A set of objects at the Getty Center encapsulate this period of porcelain competition. A pair of mounted vases with flowers features Meissen vases from before 1733. The porcelain containers are decorated with painted flowers and insects; shadows are included to give heightened realism. The Getty explains, “The painter carefully placed a few of the smaller bugs to cover flaws in the porcelain.”
The bases of the Meissen vases have the monogram of Augustus the Strong, “AR,” painted in blue, and they were imported into France around 1745. Upon their arrival in Paris, a dealer had them set into gilt bronze mounts. Then, Vincennes porcelain flowers were attached to stems by a craftsperson and arranged as a lovely bouquet in the Meissen vases.
The Vincennes Porcelain Manufactory became especially known for its naturalistic flowers, which were coveted by stylish and noble Parisians in the 1740s. Some patrons had collections of thousands of flowers modeled after different species. They were used for interior decoration and may even have been misted with perfume to better resemble a lifelike arrangement.
‘Rose Pompadour’
A whimsical pair of vases with elephant heads at The Metropolitan Museum of Art from circa 1758 are stunning examples of Pompadour-approved pink. By this period, due to technical ingenuity and lavish decorative schemes, Sèvres was the leading European manufactory of soft-paste porcelain. It did not make hard-paste porcelain until 1769, two years after kaolin was discovered in Limoges, France.
Soon, Sèvres no longer relied on Meissen wares for inspiration. Some scholars consider Sèvres’s ornamental vases, richly colored and sumptuously gilded, to be the firm’s greatest achievements. The Met’s symmetrically composed examples were molded by Jean-Claude Duplessis, an Italian-born goldsmith who joined Sèvres in 1748 and innovated new sculptural forms.

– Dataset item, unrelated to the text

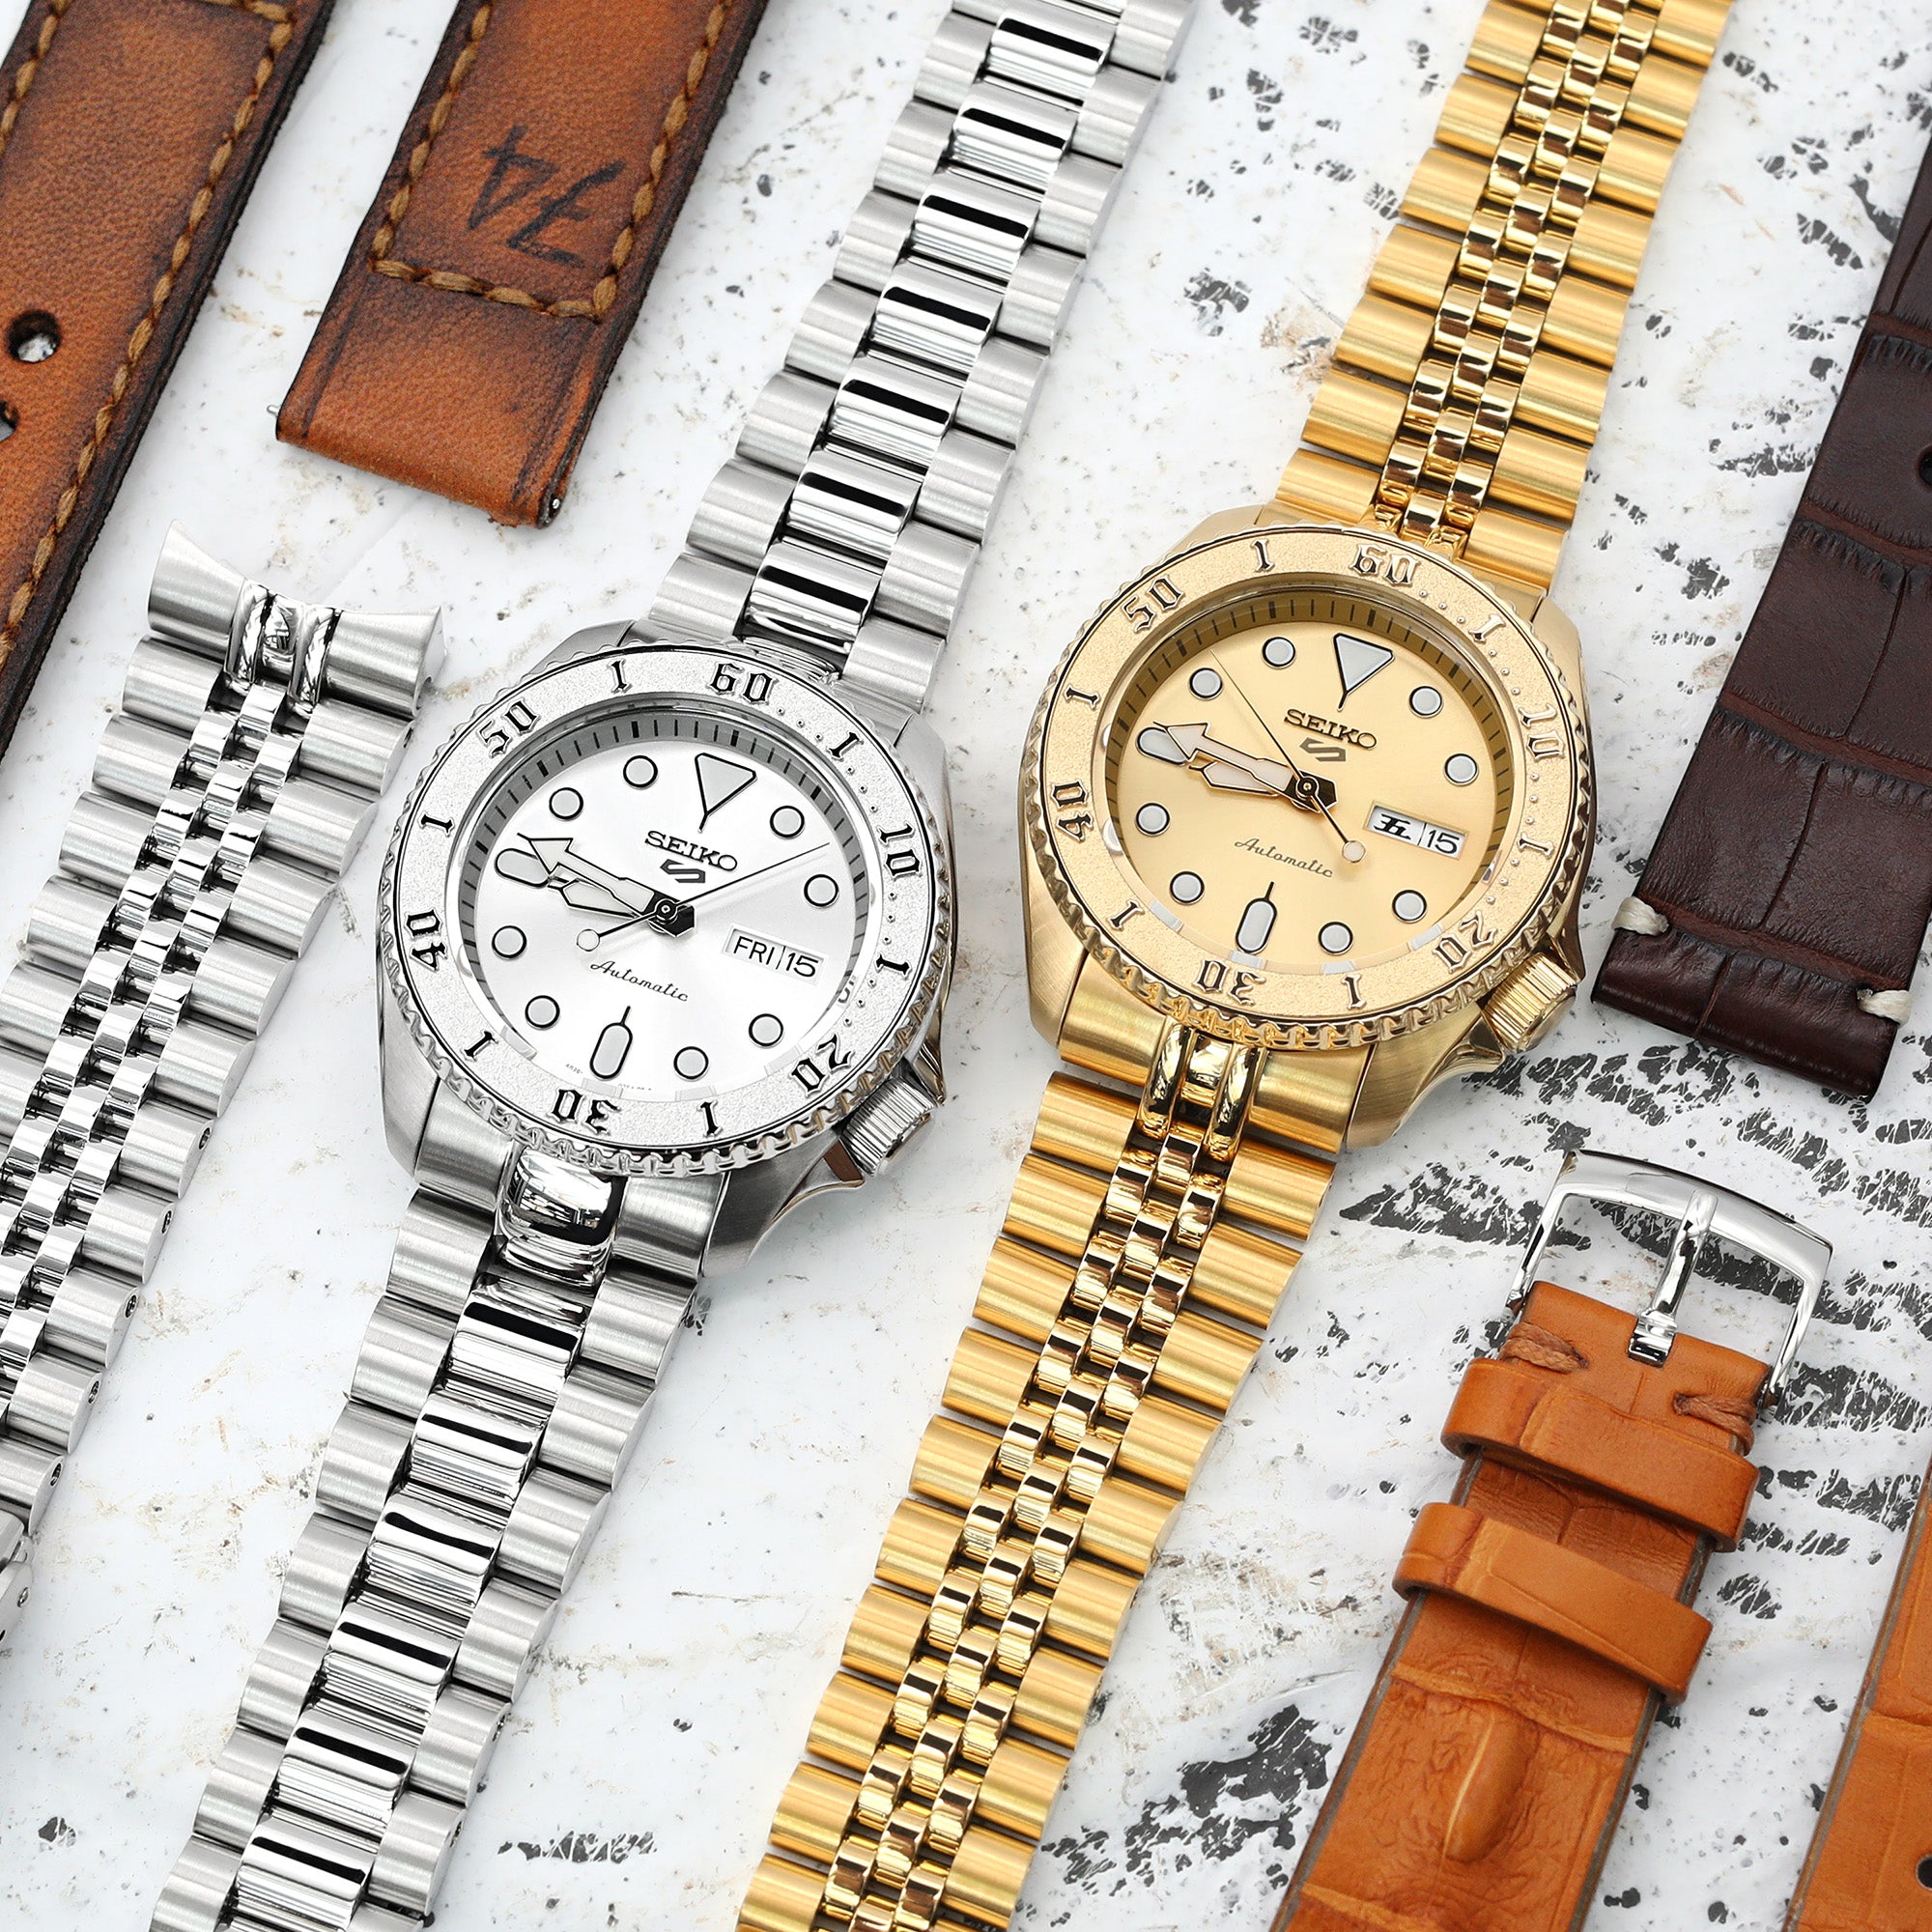 Watch Bands | Comfortable Watch Bands

The Met’s vases were purchased originally by Louis-Joseph de Bourbon, the prince of Condé, at an exclusive sale in Louis XV’s private apartments at Versailles. The prince purchased five vases. The full price was 4,320 livres, a figure in excess of a professional worker’s annual salary. Historians believe that only 22 elephant-head vases have survived to the current day.
After the French Revolution, ownership of the Sèvres Manufactory transferred to the French government. It is still in operation and often collaborates with contemporary artists. Meissen continues production, too, and is now owned by the State of Saxony. Although it is no longer a priority for nations to outpace each other in the production of porcelain, the “porcelain wars” of the 18th century led to the creation of some of the most beautiful European decorative objects.